I have a dataframe that I need to convert to a dictionary in a specific format. An example of the dataframe data (not real data for ease of presentation) is shown below:

Here is csv of the input:

col1,col2,col3,col3    
abc,1,2,3    
abc,4,5,6    
bcd,10,11,12    
bcd,33,22,11    
cde,3,43,23    
cde,43,23,56

The resulting dictionary should be in the following format:

{ abc: [[abc, 1, 2, 3], [abc, 4, 5, 6]],  bcd: [[bcd, 10, 11, 12], [bcd, 33, 22, 11]],  cde: [[cde, 3, 43, 23], [cde, 43, 23, 56]] }

Is there an efficient (time to process) way to do such conversion?

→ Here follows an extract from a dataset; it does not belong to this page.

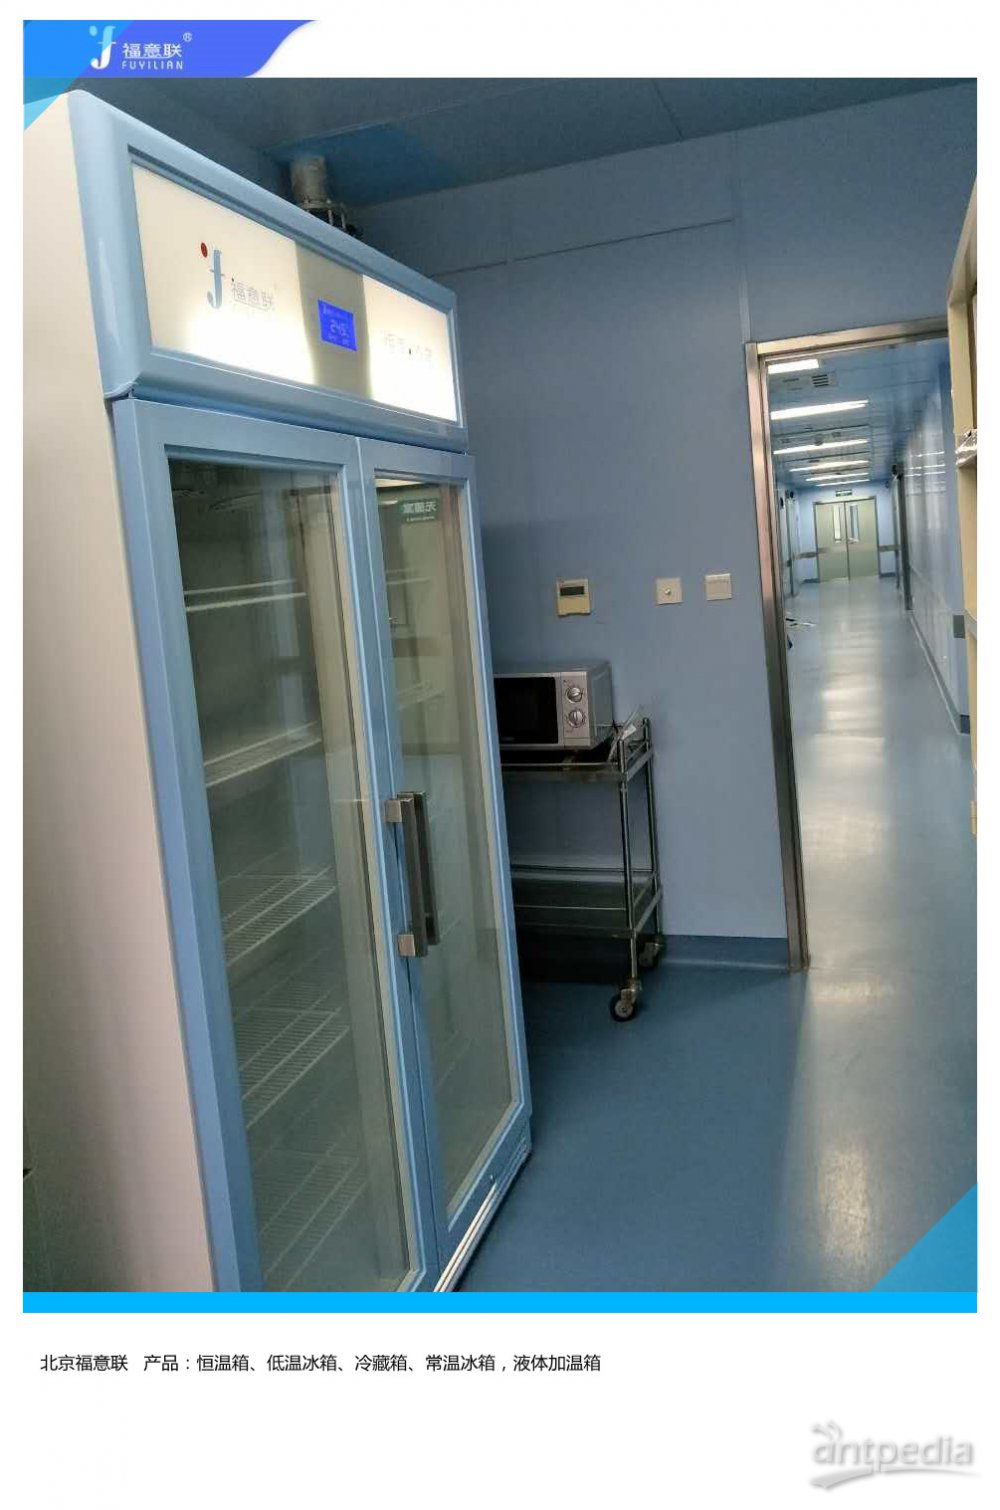 门急诊及医技业务用房建设项目低温冰箱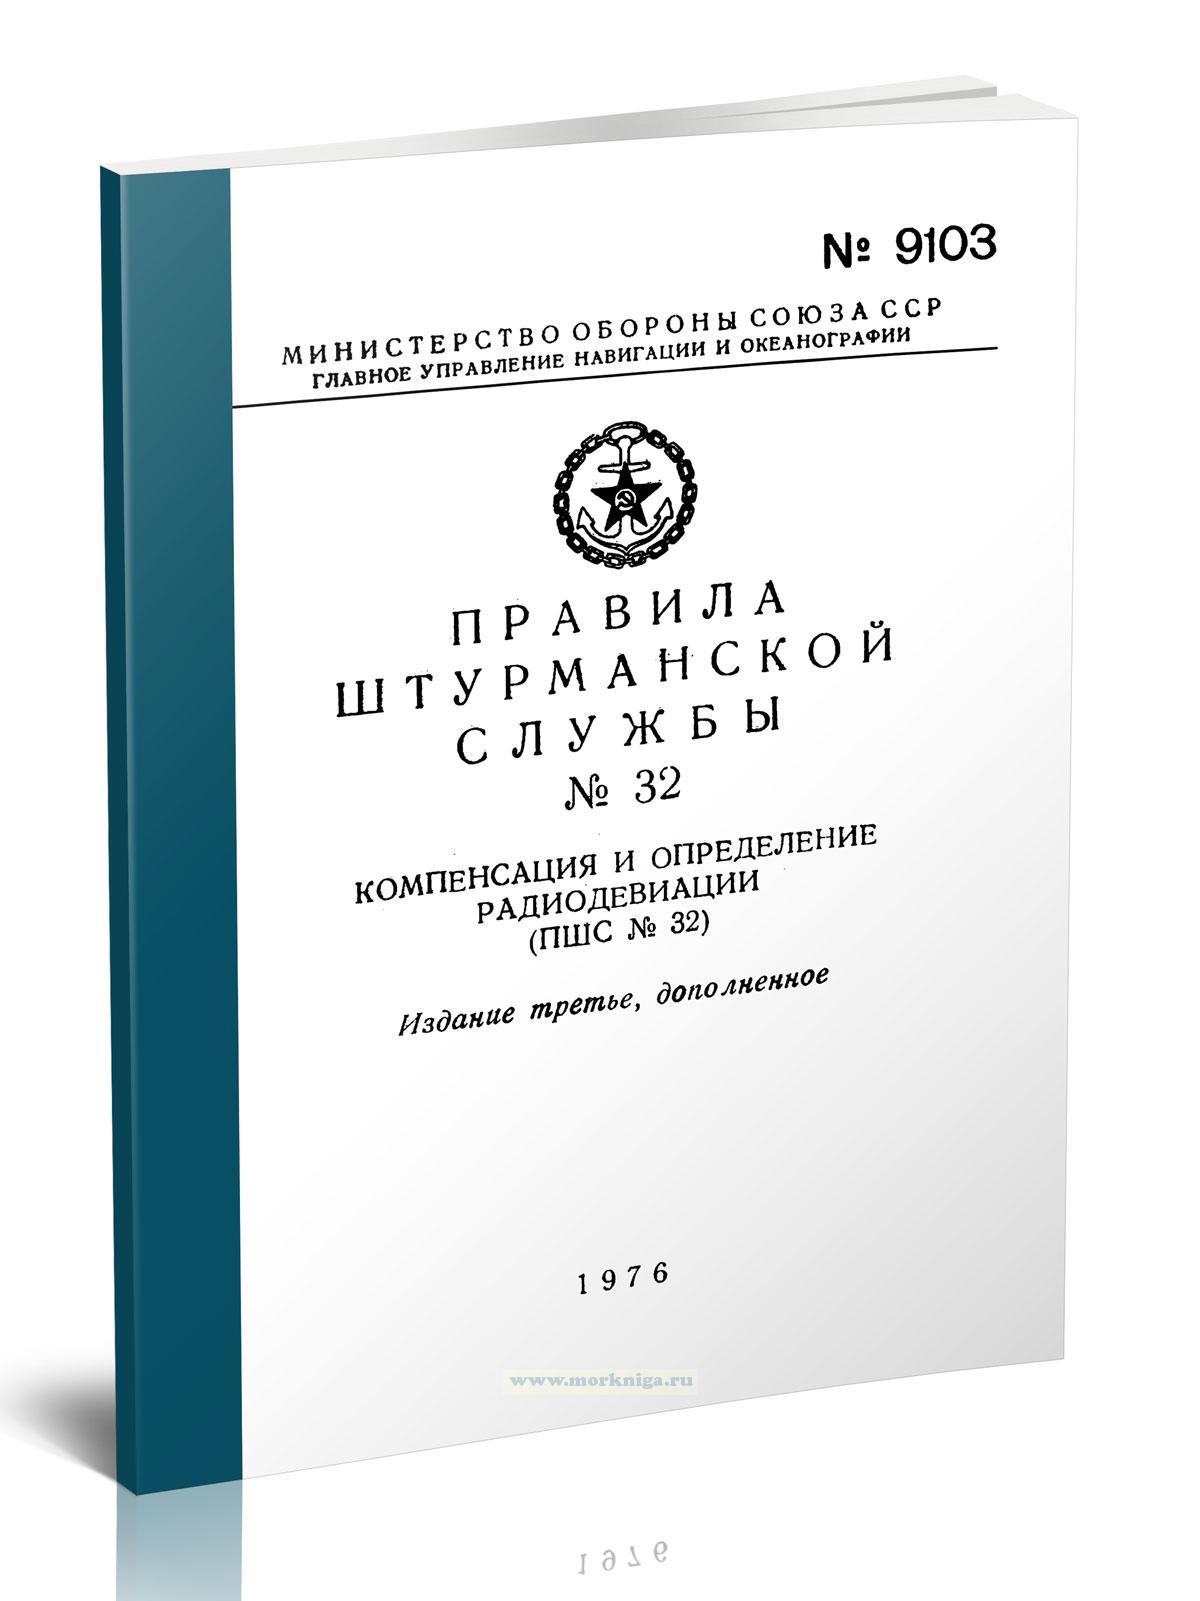 Правила штурманской службы №32. Компенсация и определение радиодевиации (ПШС № 32)

CodePudding user response：

Sounds like

{k: v.to_numpy() for k, v in df.groupby(df.col1)}

does what you want; outputs

>>> {k: v.to_numpy() for k, v in df.groupby(df.col1)}
{'abc': array([['abc', 1, 2, 3],    ['abc', 4, 5, 6]], dtype=object),
 'bcd': array([['bcd', 10, 11, 12], ['bcd', 33, 22, 11]], dtype=object), 
 'cde': array([['cde', 3, 43, 23],  ['cde', 43, 23, 56]], dtype=object)
}

This has the advantage of being quite fast, so long as the numpy ndarrays are suitable for further use in your case.

CodePudding user response：

You could do it like this:

from collections import defaultdict

df = pd.read_csv('test.csv')
dct = defaultdict(list)
for idx, row in df.iterrows():
  values = list(row.values)
  col1 = values[0]
  dct[col1].append(values)

Output:

defaultdict(list,
            {'abc': [['abc', 1, 2, 3], ['abc', 4, 5, 6]],
             'bcd': [['bcd', 10, 11, 12], ['bcd', 33, 22, 11]],
             'cde': [['cde', 3, 43, 23], ['cde', 43, 23, 56]]})